- _Required work_
Search the records for the string "logo" and return each line that has it.

- _Input data_

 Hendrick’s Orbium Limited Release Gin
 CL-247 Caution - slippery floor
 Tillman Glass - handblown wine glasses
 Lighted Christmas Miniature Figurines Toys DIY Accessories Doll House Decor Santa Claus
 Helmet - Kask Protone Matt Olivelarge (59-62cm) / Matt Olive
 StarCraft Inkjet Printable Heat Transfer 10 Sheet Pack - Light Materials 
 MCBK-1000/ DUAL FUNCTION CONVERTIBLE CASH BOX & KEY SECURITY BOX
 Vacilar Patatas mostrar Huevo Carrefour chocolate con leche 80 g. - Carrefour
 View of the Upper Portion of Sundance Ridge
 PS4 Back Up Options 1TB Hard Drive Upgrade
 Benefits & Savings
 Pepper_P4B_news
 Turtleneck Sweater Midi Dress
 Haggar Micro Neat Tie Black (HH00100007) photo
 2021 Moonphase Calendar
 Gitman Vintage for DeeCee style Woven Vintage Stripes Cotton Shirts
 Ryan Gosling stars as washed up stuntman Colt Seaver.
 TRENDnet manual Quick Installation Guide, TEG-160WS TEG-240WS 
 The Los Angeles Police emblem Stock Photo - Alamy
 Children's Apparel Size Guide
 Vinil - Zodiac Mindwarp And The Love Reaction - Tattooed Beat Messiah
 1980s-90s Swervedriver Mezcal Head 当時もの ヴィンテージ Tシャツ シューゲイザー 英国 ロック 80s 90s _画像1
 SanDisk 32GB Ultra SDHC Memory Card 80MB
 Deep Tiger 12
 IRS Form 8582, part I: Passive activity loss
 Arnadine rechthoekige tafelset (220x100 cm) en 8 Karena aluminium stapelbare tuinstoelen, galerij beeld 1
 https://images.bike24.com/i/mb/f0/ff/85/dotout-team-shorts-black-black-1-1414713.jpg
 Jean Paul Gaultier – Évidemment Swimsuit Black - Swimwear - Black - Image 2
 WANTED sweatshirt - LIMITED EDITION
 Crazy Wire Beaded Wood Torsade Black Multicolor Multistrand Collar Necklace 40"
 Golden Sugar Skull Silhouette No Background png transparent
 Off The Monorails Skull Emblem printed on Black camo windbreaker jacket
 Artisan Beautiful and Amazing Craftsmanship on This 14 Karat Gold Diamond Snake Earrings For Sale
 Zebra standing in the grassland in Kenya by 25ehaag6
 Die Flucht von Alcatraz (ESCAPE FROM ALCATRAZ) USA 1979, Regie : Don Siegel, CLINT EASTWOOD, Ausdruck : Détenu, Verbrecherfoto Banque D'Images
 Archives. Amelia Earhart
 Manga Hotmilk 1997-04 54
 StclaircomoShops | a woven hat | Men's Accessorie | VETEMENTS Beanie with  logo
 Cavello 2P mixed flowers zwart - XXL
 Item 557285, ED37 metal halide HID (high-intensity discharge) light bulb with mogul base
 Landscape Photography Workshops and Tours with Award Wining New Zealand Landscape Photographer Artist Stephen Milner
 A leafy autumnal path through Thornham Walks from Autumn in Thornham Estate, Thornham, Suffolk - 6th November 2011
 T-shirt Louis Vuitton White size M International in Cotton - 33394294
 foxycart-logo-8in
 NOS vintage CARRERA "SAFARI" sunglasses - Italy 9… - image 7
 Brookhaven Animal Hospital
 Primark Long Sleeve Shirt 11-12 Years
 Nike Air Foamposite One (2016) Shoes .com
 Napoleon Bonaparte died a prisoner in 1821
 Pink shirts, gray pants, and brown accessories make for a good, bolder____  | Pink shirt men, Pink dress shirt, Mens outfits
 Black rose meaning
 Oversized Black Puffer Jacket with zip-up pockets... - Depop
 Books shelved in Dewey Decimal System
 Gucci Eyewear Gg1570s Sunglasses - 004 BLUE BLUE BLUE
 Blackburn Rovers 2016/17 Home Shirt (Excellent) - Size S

- _Exercise output_
 StclaircomoShops | a woven hat | Men's Accessorie | VETEMENTS Beanie with  logo
 foxycart-logo-8in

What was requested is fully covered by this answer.